The philosophy behind this rule is that the desired output appears in the result page as the HTML element whose relative starting position is unchanged when similar type of elements are grouped in the result page. The process begins by identifying the HTML element in result page, which directly encloses the pattern.htm. Then the type T of that element is determined. A list of elements of type T ordered by the relative position in the page is computed for result.htm. Then the index I of the desired HTML element in the list is computed. The code is appended to the WML Proxy Service, which does the following:
1. Compute the ordered list L of elements of type T in the result page R returned by the Query generation code.
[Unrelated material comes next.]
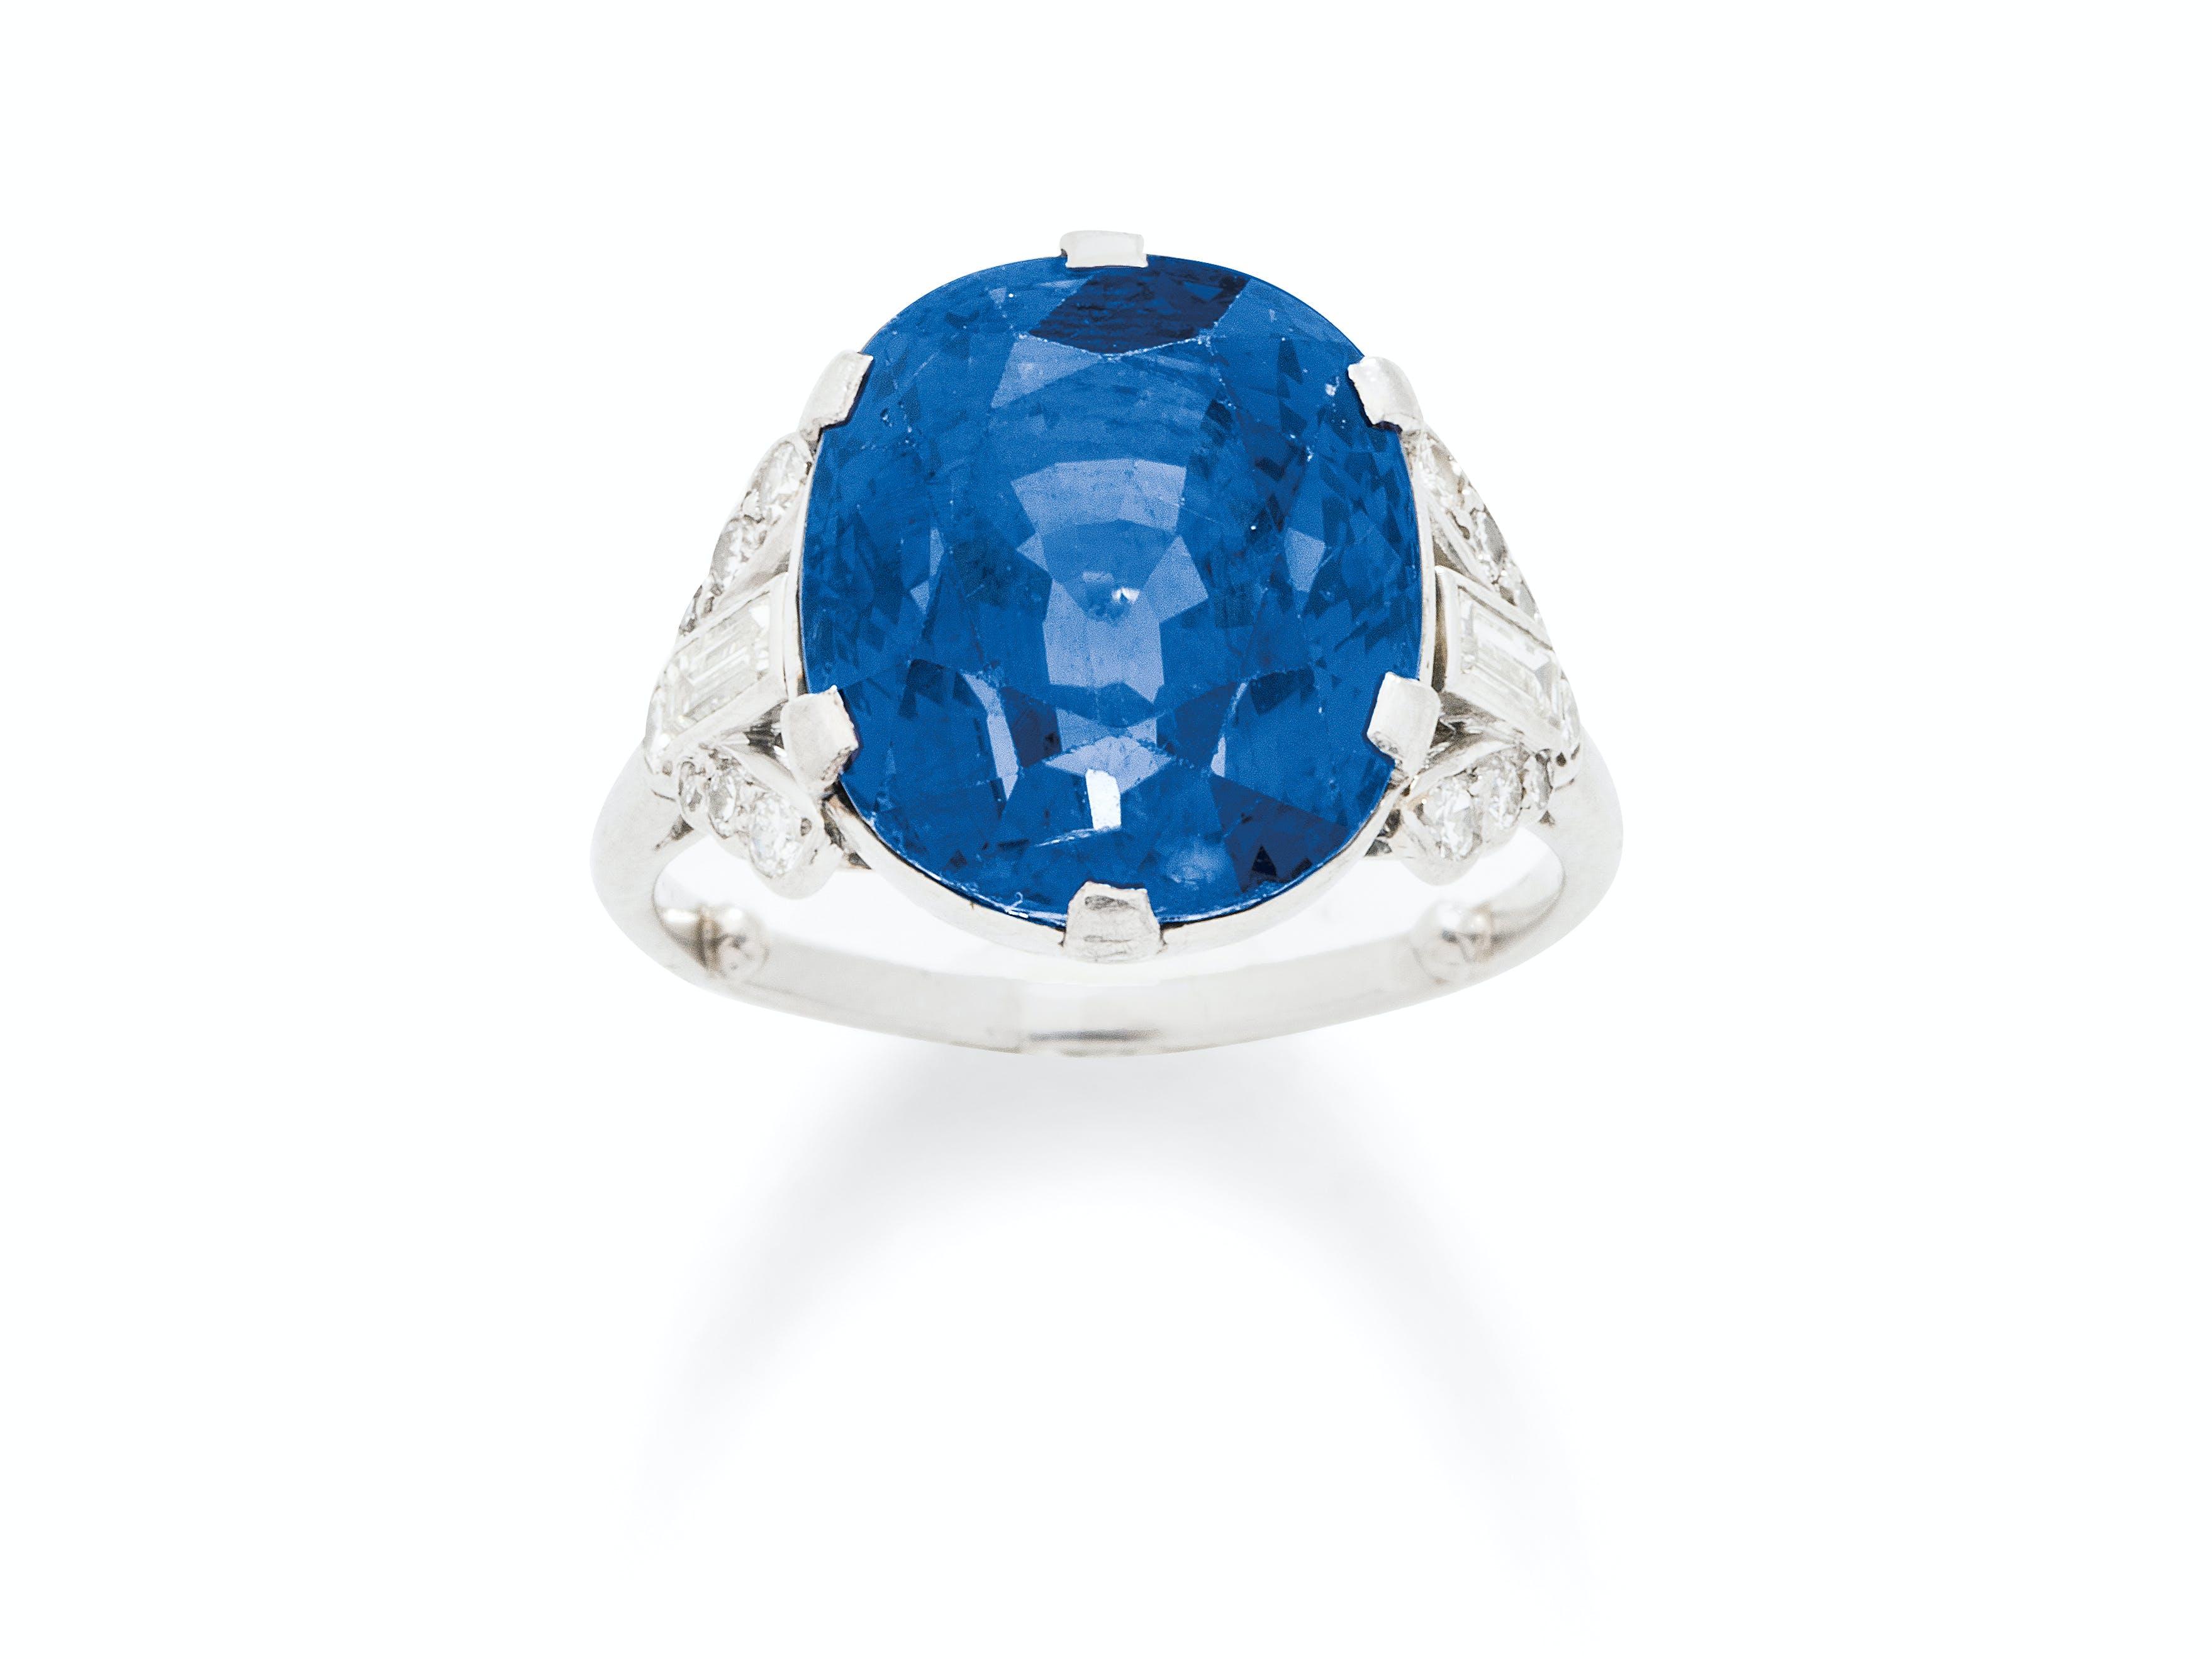 A Very Fine Art Deco Sapphire, Diamond and Platinum Ring, circa 1930

2. Extract the element at index I in list L.
- Pattern Rule 2—FIGS. 7,9
The generated logic is verified by running through the simulator with different set of input parameters as depicted in the flowchart.
The philosophy behind this rule is that the desired output always appears in the result page at the same relative position between fixed HTML elements. The fixed HTML element always appears in the same position in the result page for the particular service. This rule begins by identifying a possible list of fixed html elements. It can be done by comparing two distinct result.htm pages obtained with different input parameters and identifying the common elements, which preserve their relative positions. As depicted in the flowchart in FIG. 9, this rule then computes the relative position of pattern element P in result page with respect to the fixed elements.
For example, in the HTML page containing the driving directions, the directions may always be listed below the heading Directions and at the end, it is followed by copyright notice. In this specific example, the rule determines the position of the beginning HTML Tag of the pattern relative to the heading Directions and the position of the last HTML Tag of pattern relative to the copyright notice computed backwards in result.htm.
- Result Formatting—FIG. 10
The code that performs this extraction is appended to the WML Proxy service. The logic is verified by number of iterations using different input values from the simulator. If the desired result is not obtained in any of the iterations, then different set of fixed elements are tried until the match occurs or the fixed elements in the list are exhausted.
In this stage, the desired portion of the html page extracted in the previous stage is converted to WML pages by using predefined mappings. The choice of the mapping is determined by the layout of pattern.htm and user selection. The operation of this process is outlined in FIG. 10.
Depending upon the user input and the structure of the desired result, one of the following mappings is typically used to generate WML output.
1. Table to single card: In this mapping, the desired result is in a HTML table. The first row in the table is expected to have column headings. The rest of the rows have data. It can be converted to WML card containing WML table element.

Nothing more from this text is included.